Unfortunately i received a syntax error in the update statement

this is the code of Save Button
 /*
 * all recored are checked 
 * all inputs are valid
 * now update data to the database
 * open connection to database
 * build commands, send it to database
 * save updated data to database
 * close connection of database
 */
 //the connection
 DataBaseOperations.CON = new OleDbConnection(DataBaseOperations.CONNECTION);
                                                                            
string updateQuery = "Update Register Set FirstName = '" + firstNameTextBox.Text + "',SureName = '" + sureNameTextBox.Text + "',Age = " + ageTextBox.Text + ",ID = " + idTextBox.Text + ",Tel = " + telTextBox.Text + ",Gender = '" + genderComboBox.Text + "',Country = '" + countryComboBox.Text + "',RoomNumber = " + roomNumberTextBox.Text + ",RoomType = '" + roomTypeComboBox.Text + "',RoomClass = '" + roomClassComboBox.Text + "',NumberofNights = " + noOfNightsTextBox.Text + ",SartDateMonth = '" + monthComboBox.Text + "',StartDateDay = " + dayComboBox.Text + ",StartDateYear = " + yearComboBox.Text + ", Where ID = " + updateIDTextBox.Text + ";";


 // MessageBox.Show(updateQuery, "Update Query");

 DataBaseOperations.COM = new OleDbCommand(updateQuery, DataBaseOperations.CON);
                                                                   
 DataBaseOperations.CON.Open();
 DataBaseOperations.COM.ExecuteNonQuery();
 DataBaseOperations.CON.Close();
 clearAllFieldsButton.Enabled = true;
 MessageBox.Show("Update Process of Habitant : " + firstNameTextBox.Text.ToString() + "  " + sureNameTextBox.Text.ToString() + "\nHas Been Done Successfully", "Successful Update");
Posted
Updated 21-Jul-11 20:35pm
v4
Comments
Wonde Tadesse 21-Jul-11 22:38pm    
Use parameterized query to avoid SQL Injection.!

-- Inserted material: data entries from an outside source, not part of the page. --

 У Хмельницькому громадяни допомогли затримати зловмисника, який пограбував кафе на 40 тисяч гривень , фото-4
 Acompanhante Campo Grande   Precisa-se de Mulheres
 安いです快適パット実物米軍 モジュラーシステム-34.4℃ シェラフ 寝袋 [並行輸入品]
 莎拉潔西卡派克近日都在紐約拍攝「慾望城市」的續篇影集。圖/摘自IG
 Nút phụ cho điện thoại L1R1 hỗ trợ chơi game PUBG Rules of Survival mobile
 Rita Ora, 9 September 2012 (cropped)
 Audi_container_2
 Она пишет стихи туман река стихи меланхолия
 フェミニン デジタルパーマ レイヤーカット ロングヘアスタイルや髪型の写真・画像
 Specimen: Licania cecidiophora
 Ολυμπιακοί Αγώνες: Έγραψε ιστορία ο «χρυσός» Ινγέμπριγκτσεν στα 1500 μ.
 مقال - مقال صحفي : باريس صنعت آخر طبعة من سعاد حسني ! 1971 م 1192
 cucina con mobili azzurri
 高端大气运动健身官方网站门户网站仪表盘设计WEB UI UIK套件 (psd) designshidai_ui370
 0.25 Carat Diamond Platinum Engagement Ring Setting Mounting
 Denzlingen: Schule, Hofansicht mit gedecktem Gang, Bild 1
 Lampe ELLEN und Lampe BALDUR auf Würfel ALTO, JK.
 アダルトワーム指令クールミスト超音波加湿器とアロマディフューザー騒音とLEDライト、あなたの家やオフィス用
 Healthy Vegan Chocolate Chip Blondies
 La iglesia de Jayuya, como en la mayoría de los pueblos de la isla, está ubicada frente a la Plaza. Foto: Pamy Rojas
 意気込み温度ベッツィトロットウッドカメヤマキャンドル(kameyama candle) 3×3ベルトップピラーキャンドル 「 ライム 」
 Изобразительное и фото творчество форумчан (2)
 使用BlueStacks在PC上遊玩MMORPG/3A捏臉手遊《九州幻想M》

There are two problems here. The first one is column names with a space in them, for example, 'First Name' column. You probably have to enclose such names in a square brackets. The second problem is, if any of the numberic text box is empty, you can get this error. For example, if ageTextBox.Text return an empty string, your query becomes invalid, like this:
SQL
Update Register Set [First Name] = 'xxxx',[Sure Name] = 'xxxx',Age = ,ID=,....
which is wrong.
 
Share this answer
 
Comments
Espen Harlinn 17-Jul-11 19:52pm    
Ah, missed all of those, my 5 ...
I just looked for reasons why it wouldn't compile at all ...
thatraja 17-Jul-11 20:38pm    
5!
walterhevedeich 17-Jul-11 22:20pm    
Good point. 5.
Wonde Tadesse 21-Jul-11 22:36pm    
5+
Spaces, first and foremost.
Put '[' and ']' around your field names:
string updateQuery = "Update Register Set [First Name] = '" + firstNameTextBox.Text + "',[Sure Name] = '..."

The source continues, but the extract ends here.